Темное облако прошло по выразительному лицу Петра Ивановича, и он, взяв фуражку, для того, чтобы выйти из дому, остановился. Подгорский продолжал:
– Вот, например, нечто для меня необъяснимое. В вашей амбулатории икона Богоматери висит, как ей подобает – иконою, а перед нею теплится лампада, а вот это превосходное изображение Распятия, здесь, в вашем кабинете, помещено как бы в виде картины; что это значит?
– Там, в амбулатории, – медленно проговорил Абатулов, – икона висит для народа… здесь, в кабинете, для меня… и это больное место всей моей системы… я, видите ли, достаточной причины для того, чтобы признать идею веры, иконы, не имею. И это, поверьте мне, великая грусть моя, если угодно – трагическое положение. Тут нужна вера, а ее-то у меня и нет… Я не вижу достаточной причины в необходимости веры, когда верить могу я только одному убеждению… Вы, может быть, Семен Андреевич, удивляетесь той уверенности, с которою я говорю это? Но я буду откровенен, как был: там, где мне не хватало уверенности, я всегда прямо сообщал вам, что доказательств не имею, и, на том же основании безусловной правдивости, я должен сказать вам, что многого в моей системе и моих заключениях я сам не понимаю… есть пробелы… есть темнота… Если для меня вполне ясна логическая необходимость признать единоличное бессмертие души, то я до сих пор все-таки еще не мог найти положительного, или хотя мало-мальски сообразного с моей системой определения значения веры, земной церкви и молитвы. Если наука документирует мне бессмертие, то зачем мне вера? Если я могу обойтись без веры, зачем мне – внешняя, обрядовая, земная церковь? Если не нужно ни веры, ни церкви, тогда зачем мне молитва, служащая связью им обеим, пускающая свои корни и имеющая свою причинность только в этих двух? Непонимание мною этих трех «психических организмов» поистине пугает меня… Что, если лжива вся моя система? Ну а теперь, – заключил Петр Иванович, – пойдемте к моим больным.

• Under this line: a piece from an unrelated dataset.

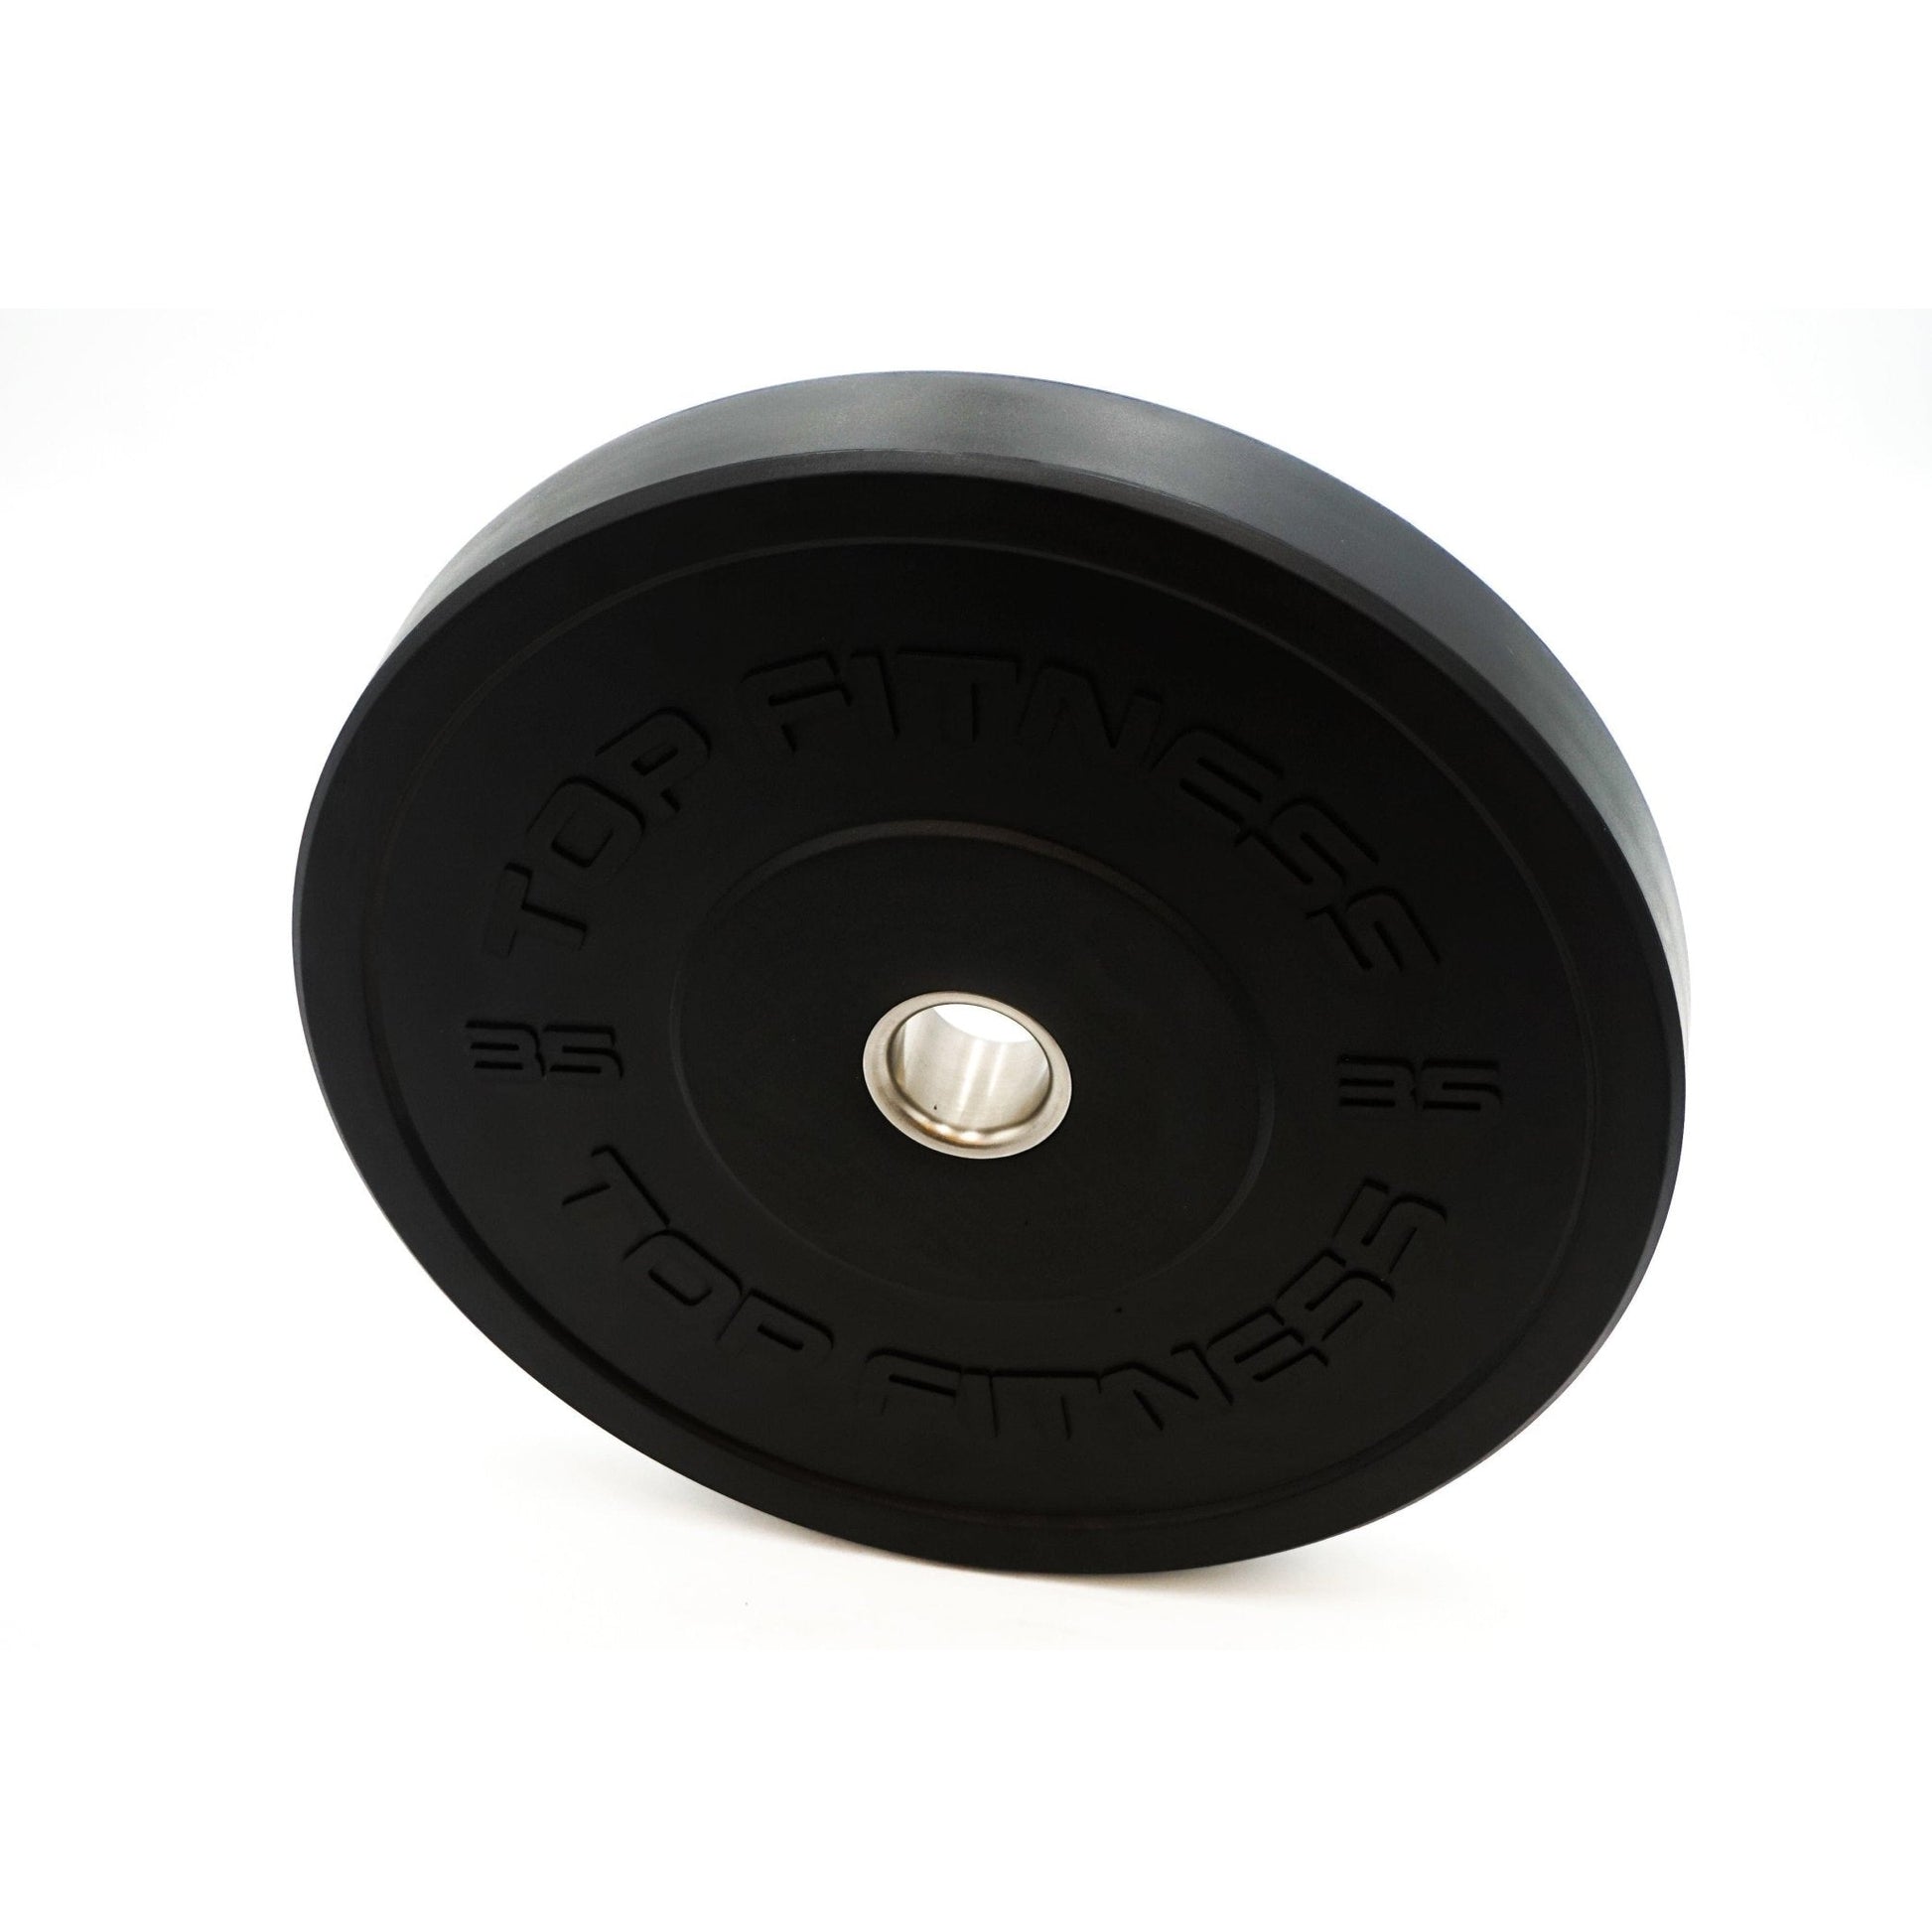 Top Fitness Olympic Bumper Plate Weight Plates Top Fitness 35LB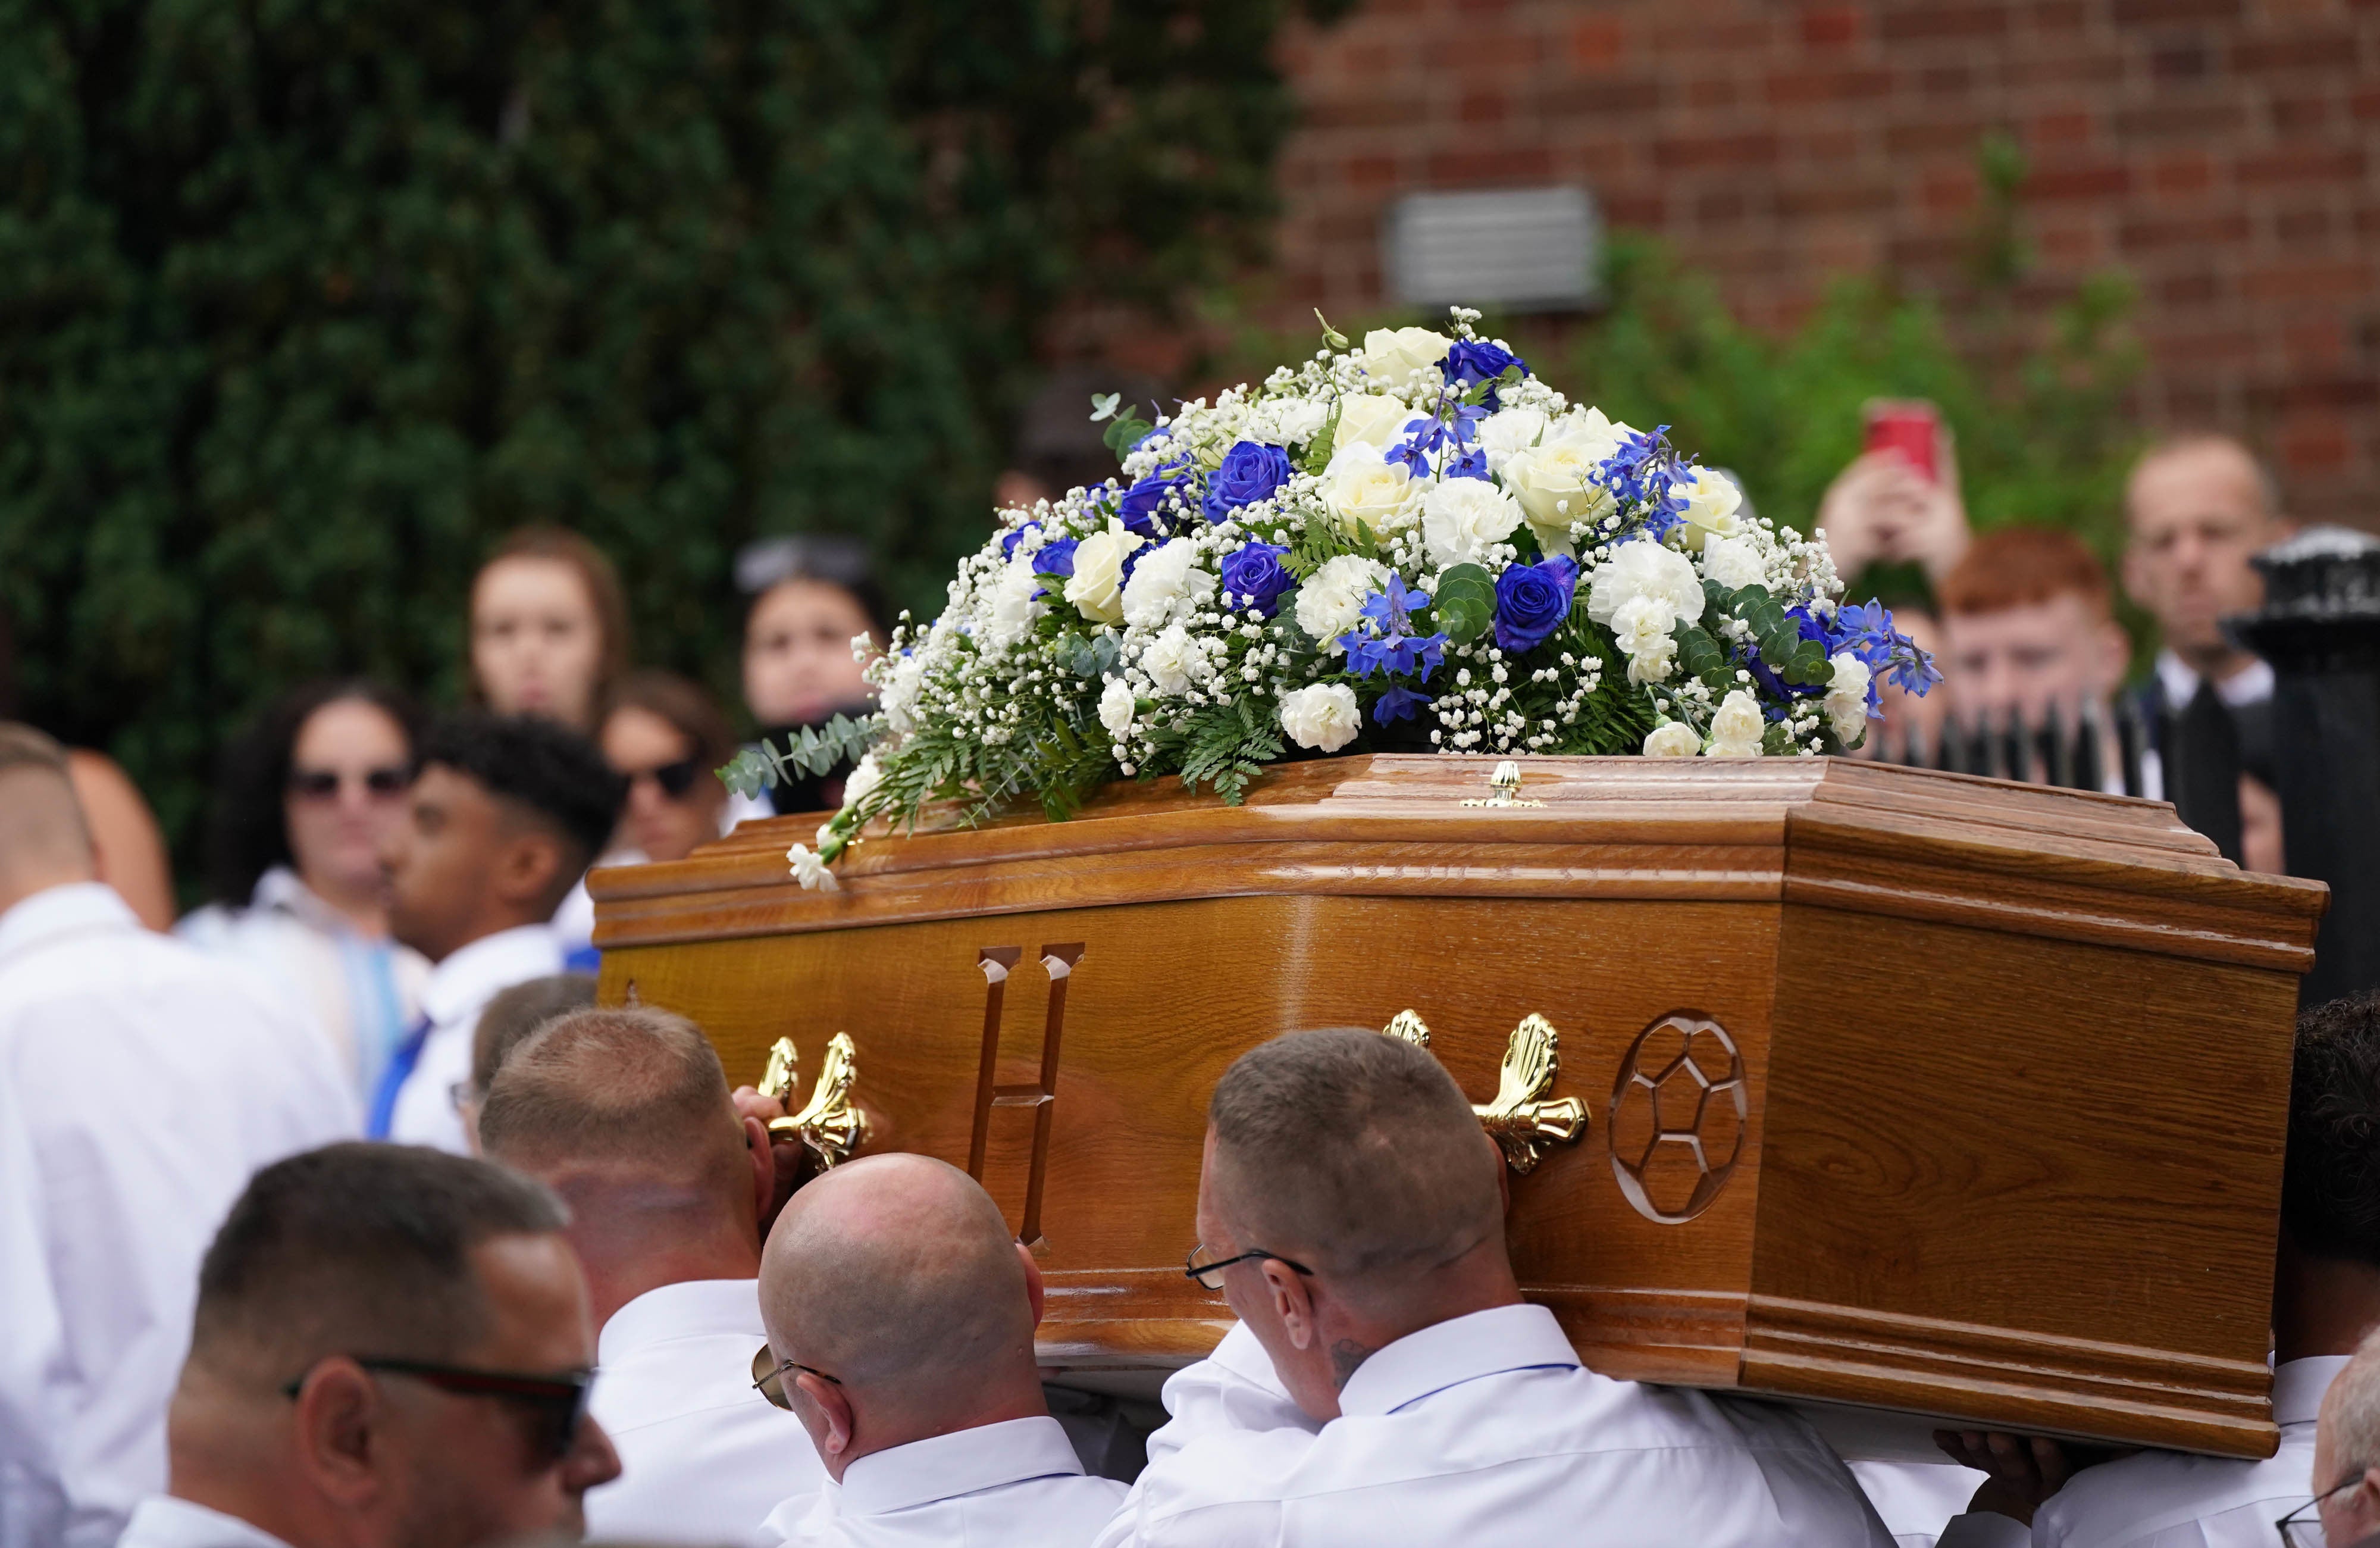 The coffin of Harvey is carried into the Church of the Resurrection in Ely, Cardiff

Оба они вышли из комнаты и направились к кибиткам, под шум не умолкавшего родника.
VI
Не успели Петр Иванович со своим гостем, находившимся, надо сказать правду, в каком-то одурманении от очень длинной лекции хозяина, местами в высшей степени любопытной, выйти из ограды Родниковки в сторону кибиток, как вдруг из-за угла ограды почти наскочил на них конный калмык. Ограда Родниковки состояла из небольшого валика и рва перед ним, густо заросших бурьяном, будяками, полынью и перекати-поле, между которых засели прошлогодние остатки тех же трав, поломанные, серые и колючие, что, вместе взятое, образовывало действительно нешуточную преграду; конь калмыка, сразу осаженный, даже скользнул обеими задними ногами в ровик. Завидев Петра Ивановича, калмык снял шапку.
– Что, братец? – спросил Петр Иванович, – Ты ко мне?
Калмык не сразу ответил; он, видимо, стеснялся говорить. Это стеснение было проявлением той удивительной чувствительности простого народа, никогда и никем ему не преподанной, которая врождена ему и которая подсказывает простому человеку, что сообщать кому-либо о несчастии надо не вдруг, а исподволь.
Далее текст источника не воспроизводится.